Sisi-mania: first royal celebrity celebrated in cinemas and on Netflix

She has been described as a Habsburg pop star, the first royal celebrity, the earliest example of a media shamed woman, and a long undiscovered 19th-century feminist icon.

Elisabeth, Empress of Austriais now being revived for the modern age with two new feature films, two television series, including a Netflix biopic, and a novel.

The newest of them, Corsage, which opened in German cinemas on Thursday and premiered in Cannes in May, has shocked some critics by the departure of the traditionally romantic image of the Empress into a darker psychological examination. Her suffering from the constraints of court life is embodied in the title. Scenes described as “painful to watch” show Sisi, played by Vicky Krieps, strapped into her tiny corset and insisting that her maids, whose hands are raw from trying, keep tightening it. The film opens on her 40th birthday in 1877, as she struggles to keep up with the expectation that she must always remain youthful — fed a diet of orange slices and beef broth — the film ends with a reportedly shocking scene, which critics have said worthy of Quentin Tarantino.

The TV series Sisi, on the other hand, is a bleak portrait of her rambunctious marriage to Emperor Franz Joseph and her brutal exploitation by the Habsburgs as a fine figurehead who saw in her only a producer of a suitable heir to the throne. Well received so far, it has caused a stir with its candid portrayal of her sexuality.

A still from Sisi
Gloomy portrait: Sisi. Photo: RTL+

Sisi, as she was more widely known, was most famously embodied in a hugely popular 1950s television trilogy by German-Austrian actress Romy Schneider. Schneider also later starred as a more mature princess in a 1972 film by Luchino Visconti about her close friend, the gay, eccentric King Ludwig II of Bavaria. The actress later complained, “Sisi sticks to me like oatmeal.”

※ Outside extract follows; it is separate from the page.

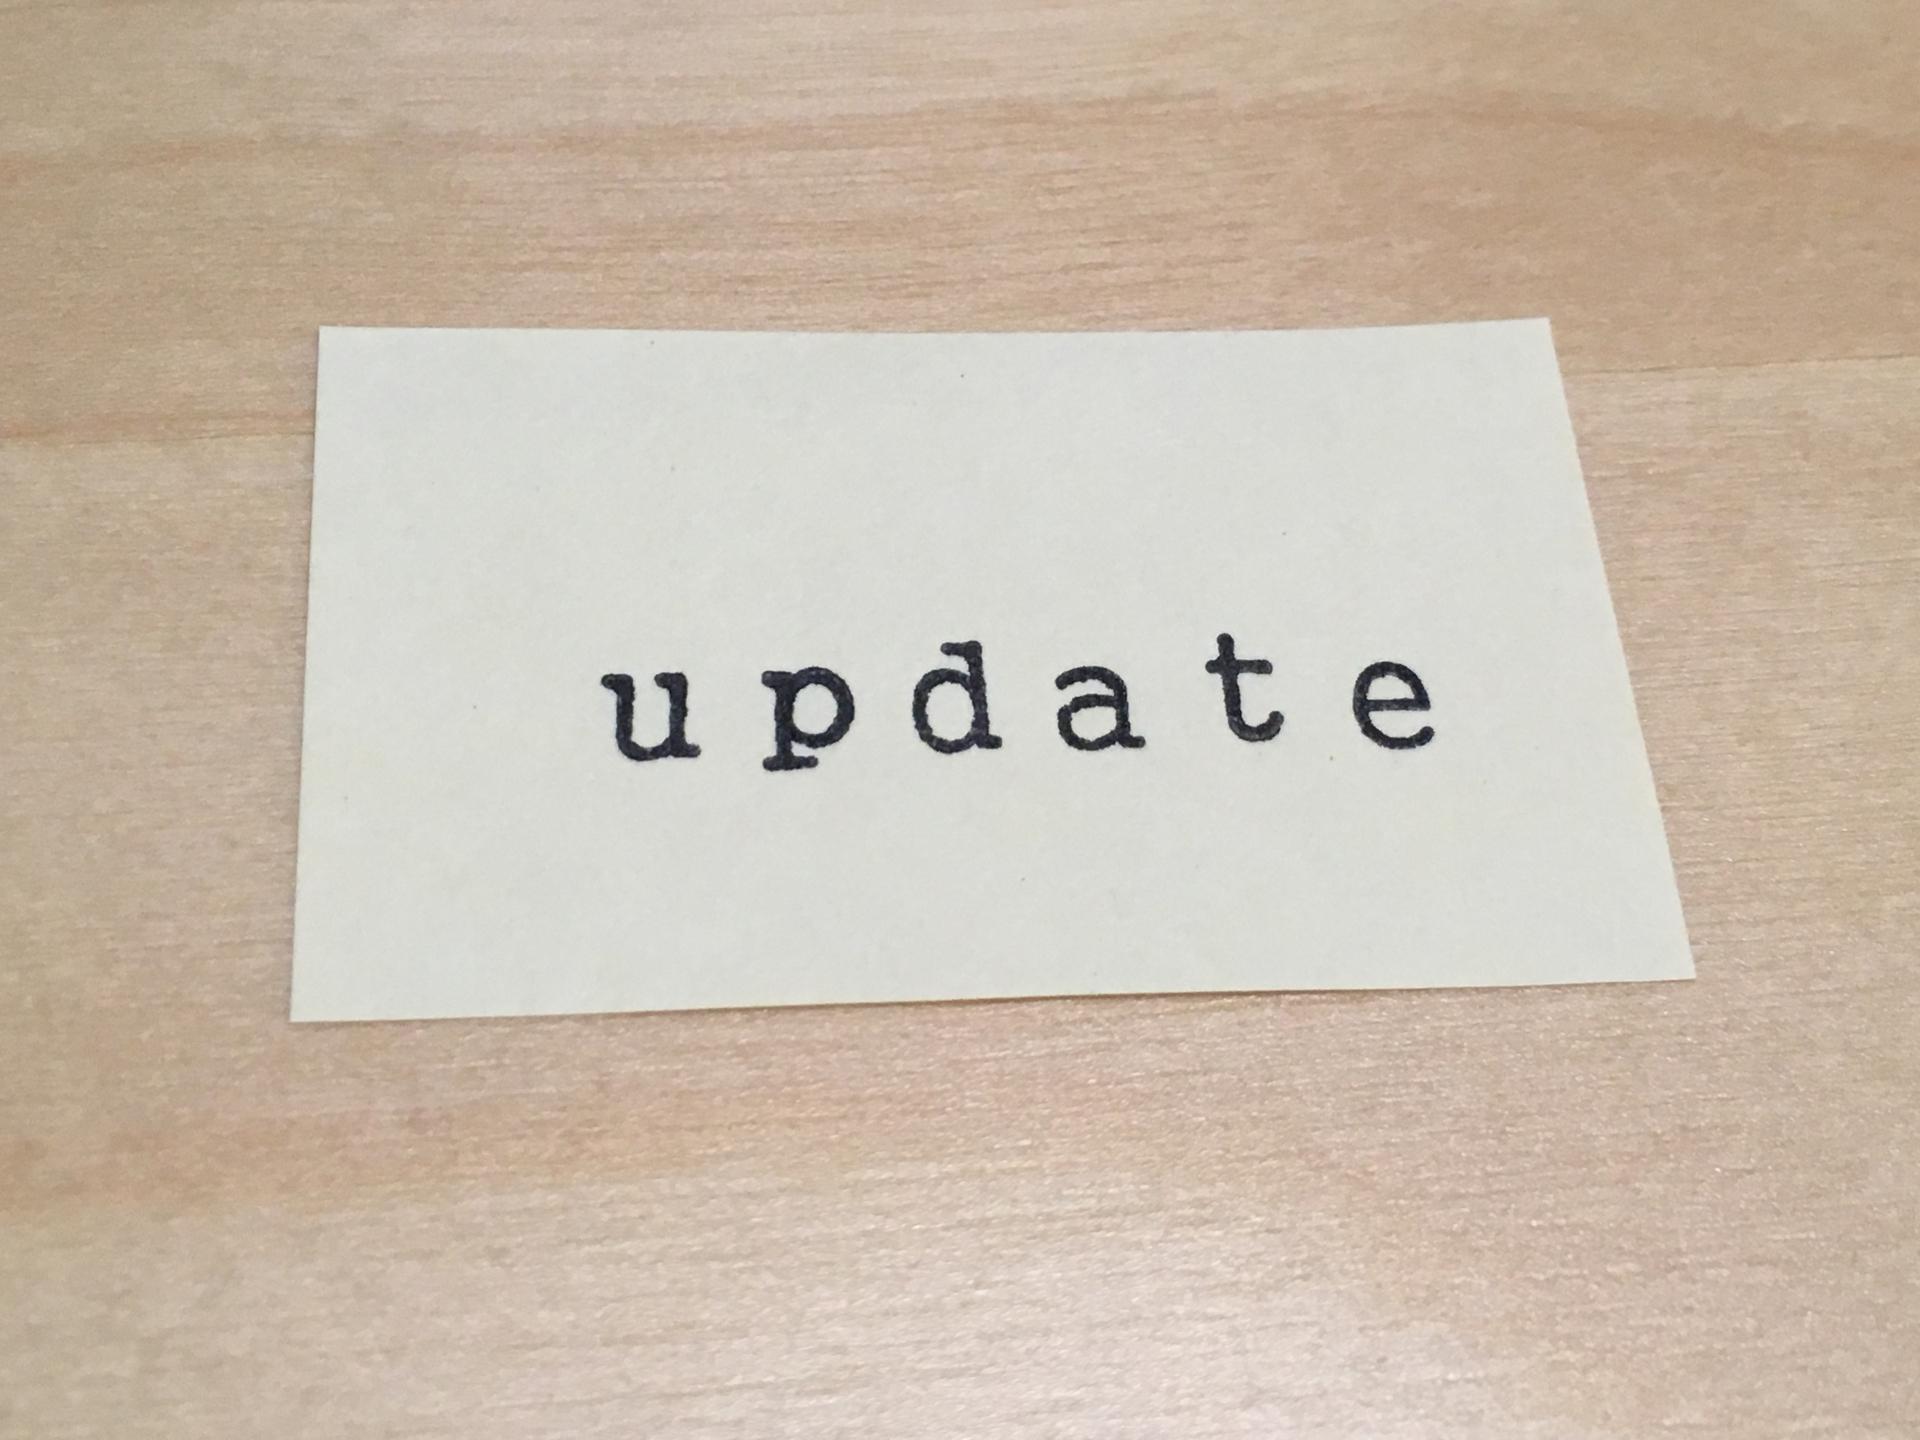 WordPressの更新(アップデート)方法と注意点 初心者向け基本操作編
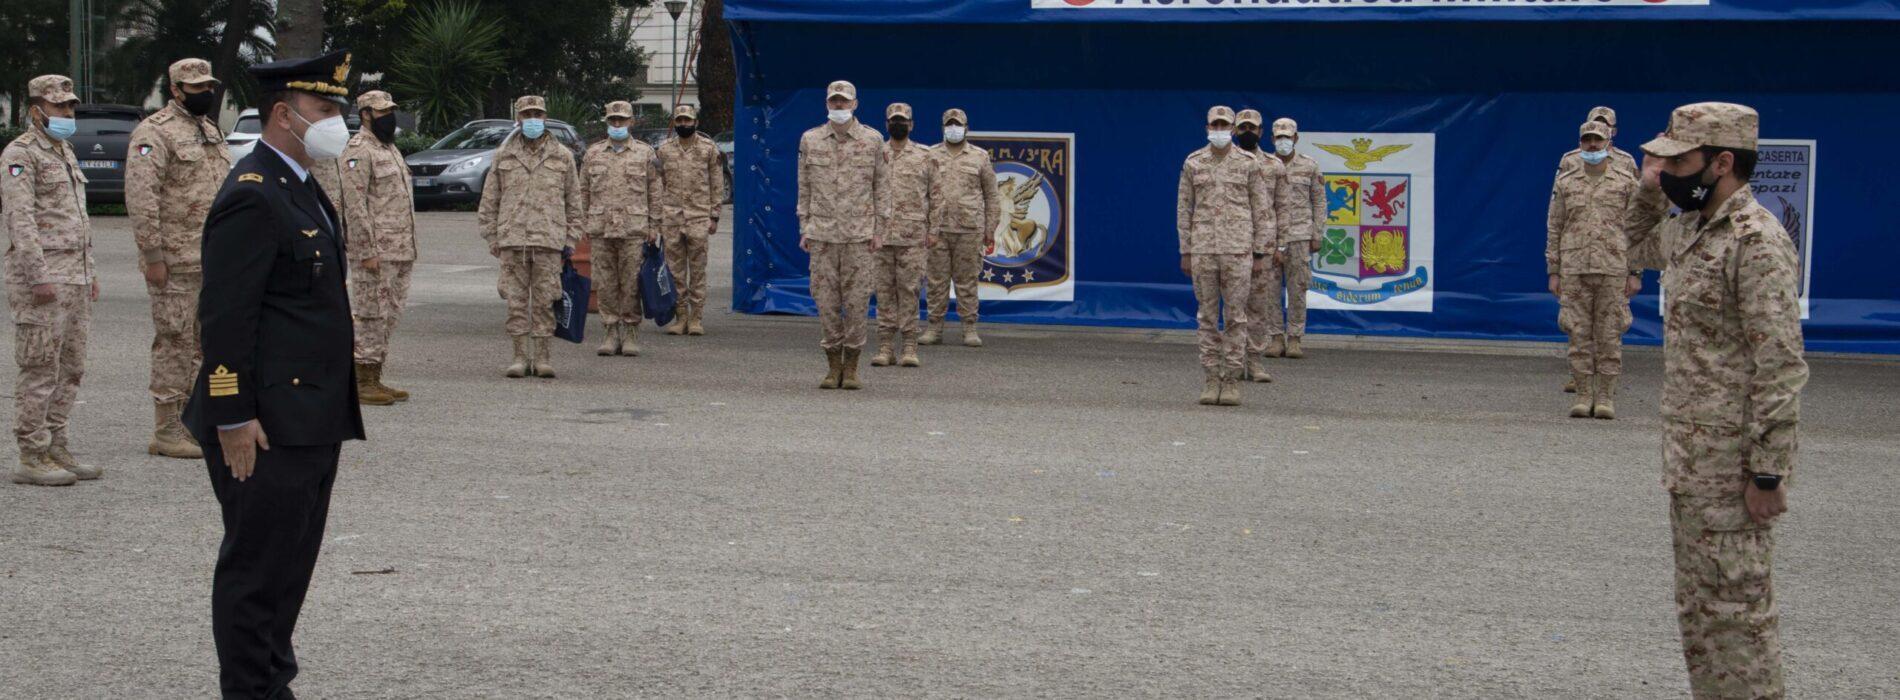 Aeronautica di Caserta, diplomati 31 frequentatori del Kuwait

A Bavarian princess before she was designated as a suitable future wife for Franz Joseph and married him at the age of 16, had four children, before being murdered at the age of 60 by an Italian anarchist, Sisi famously opposed the limitations of Habsburg court life. Dominique Devenport, who stars in the series Sisi, which is streamed on RTL+ in Germany, has said the character “works” as a recognizable figure because of her strong female story. “She asks the questions people are asking themselves today,” she told German media. “How do I stay true to myself, what decisions do I have to make, how do I meet the expectations that everyone has of me?”

The Netflix series The Empress is slated to release in the fall and is expected to partner with its rivals to help spark a new interest in the aristocrat, which is somewhat predictable compared to the late Princess Diana. Parallels have been drawn between Corsage, created by Austrian filmmaker Marie Kreutzer, and director Pablo Larrain’s 2021 historical fiction drama, Spencerabout Diana’s tormented life.

The Süddeutsche Zeitung praised Kreutzer for turning the sugary image of Sisi upside down, showing her she masturbated in the bath, smoked, gave the finger to courtiers, took heroin to calm her nerves and made her husband an asshole. mentioned. “Kreuzter has produced a shock therapy,” the critic wrote. He praises her for “liberating” Sisi from a “Romyschneiderization, which Romy Schneider himself would have approved first”.

A Karen Duve novel, due out in September, is expected to flesh out yet another side of her character: a radiant fighter and dressage rider. Duve has described Sisi as an “undiscovered feminist icon”.

Sisic
‘She asks the questions people ask themselves today’: a photo shoot on the set of Sisi. Photo: RTL+

The Hofburg and Schönbrunn palaces in Vienna, where Sisi lived, have long been strong tourist magnets for those who wanted to follow her trail. Her exercise rings and pommel horse, on which she reportedly worked excessively on a daily basis, are among the main attractions, while her face adorns everything from chocolate boxes to opera glasses. Sisi’s story recently turned out to be a blockbuster in the German-speaking world as stage musical, Elisabeth, which reached an audience of 10 million spectators between 1992 and 2019, but never made it to the English-language stage. It has spawned a particularly strong cult following in Japan, where it has been performed.

But Austrian commentator Hans Rauscher has said the repeated revival of the Sisi story has a more sinister appeal. At first glance, he wrote in Der Standard, it is “the fascination of a beautiful young woman, the empress of a European empire,” but in reality, he said, it is rather the more mundane tale of “an overwhelmed teenager who married her cousin, a pedantic bastard, who infected her with an STD at 16.” He describes the new recordings as “spicier, but just as unpalatable” as Romy Schneider’s images, suggesting that the interest in Sisi is far too has to do with characteristics that she exhibited that Austrians have to deal with “depressed, obedience over freedom, neurotic” which, he said, “may explain the Sisi cult”.